Based on this input I have deducted the following tuning darktable (some is specific to my pc):

  1. Make sure that as much as possible is processed on the NVIDIA GPU. That means turn on OpenCL and prevent the Intel GPU from being used
  2. There are enough resources to edit images like the demo image effectively (no tiling). The speed of the GPU is the limiting factor.
  3. Exporting is very hard on resources and runs for a very long time if processing on the NVIDIA GPU is not possible (due to lack of memory). Even tiling slows down the export a lot.
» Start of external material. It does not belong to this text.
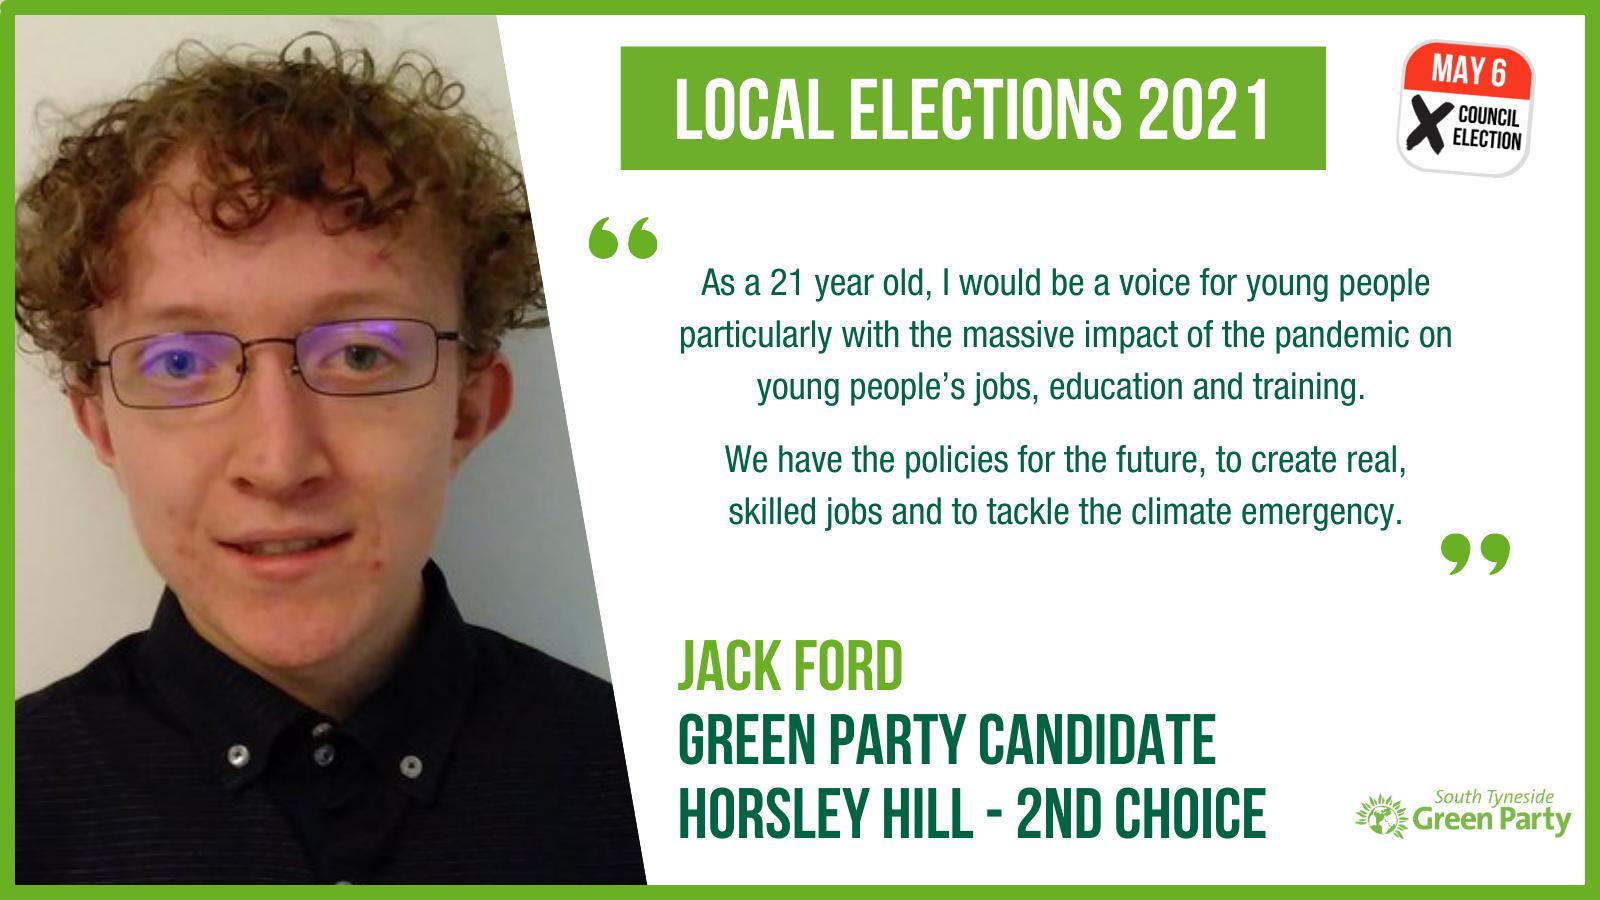 Horsley Hill - second choice
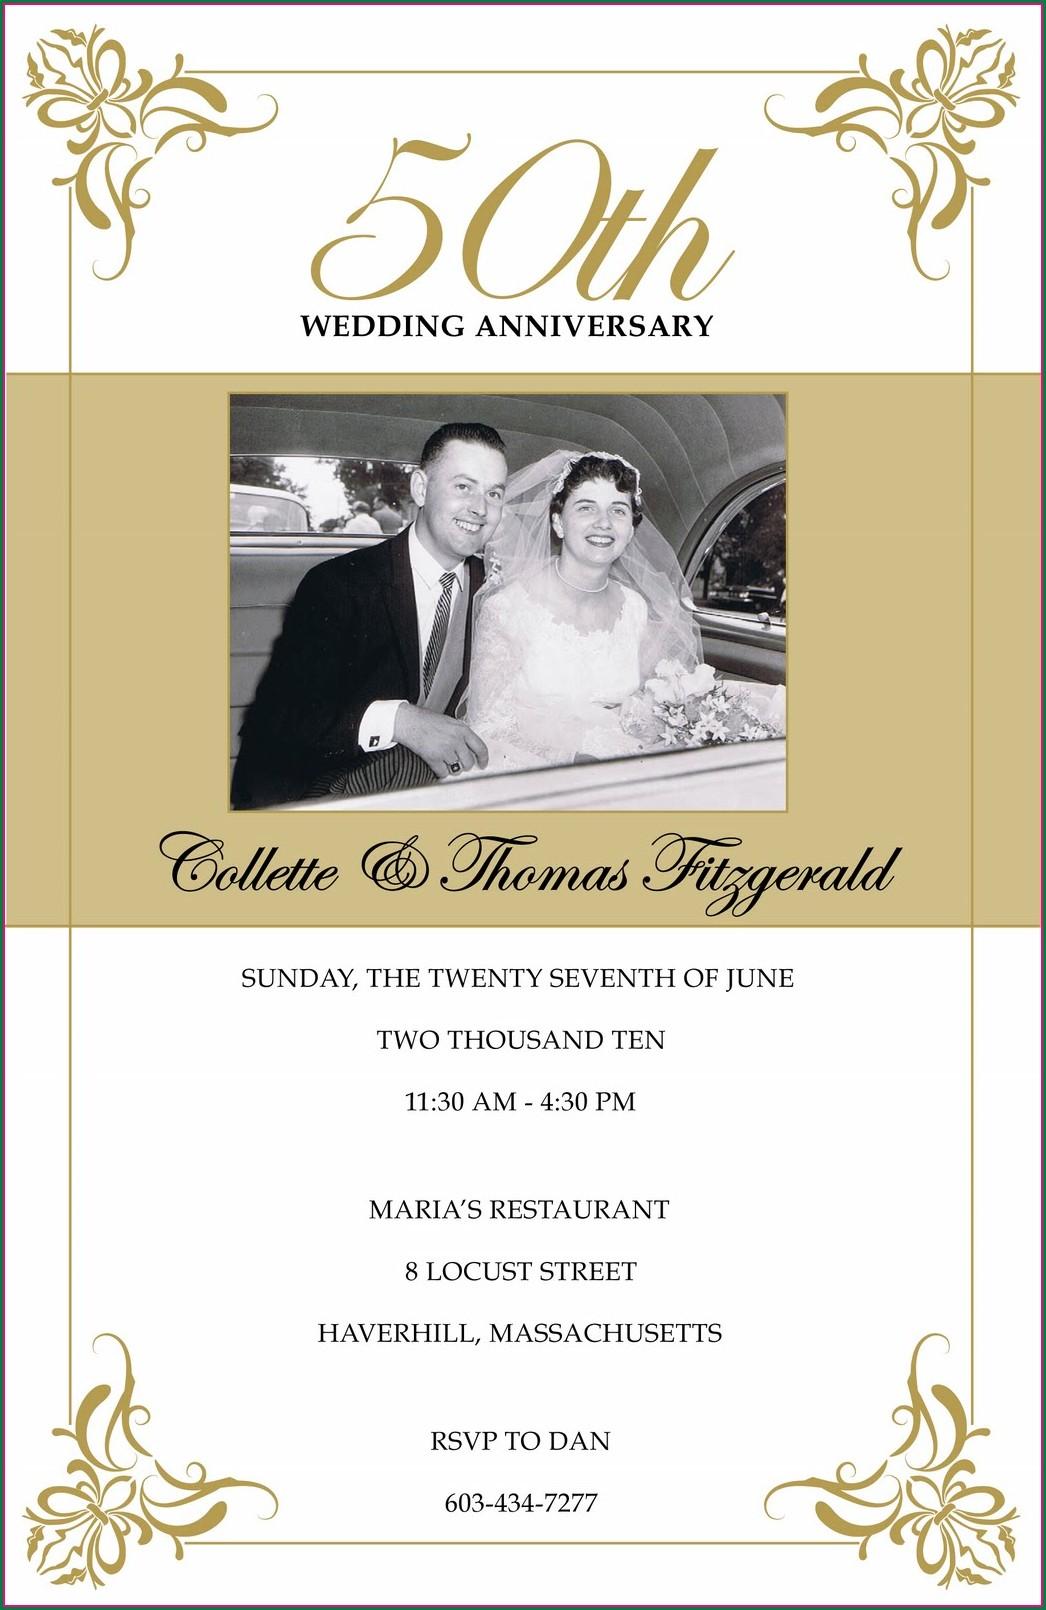 Downloadable Wedding Anniversary Invitation Templates Microsoft Word

  4. The NVIDIA card is seldom used in everyday situations (only when processing video, Photoshop, NORTON security scanning and darktable and maybe few other special cases)

So:
The default OpenCl setting is not ideal in this situation since it explicitly prevents the NVIDIA GPU from processing the preview.
There are a number of ways to prevent the Intel GPU from being used. The INTEL GPU can be removed from the system or deactivated with possible consequences for battery life and other problems.
Use of the INTEL GPU can also be prevented with several different settings in darktable. Iā€™m not sure whether any one method is clearly superior to others. It seems that darktable all by itself selects the NVIDIA card if allowed.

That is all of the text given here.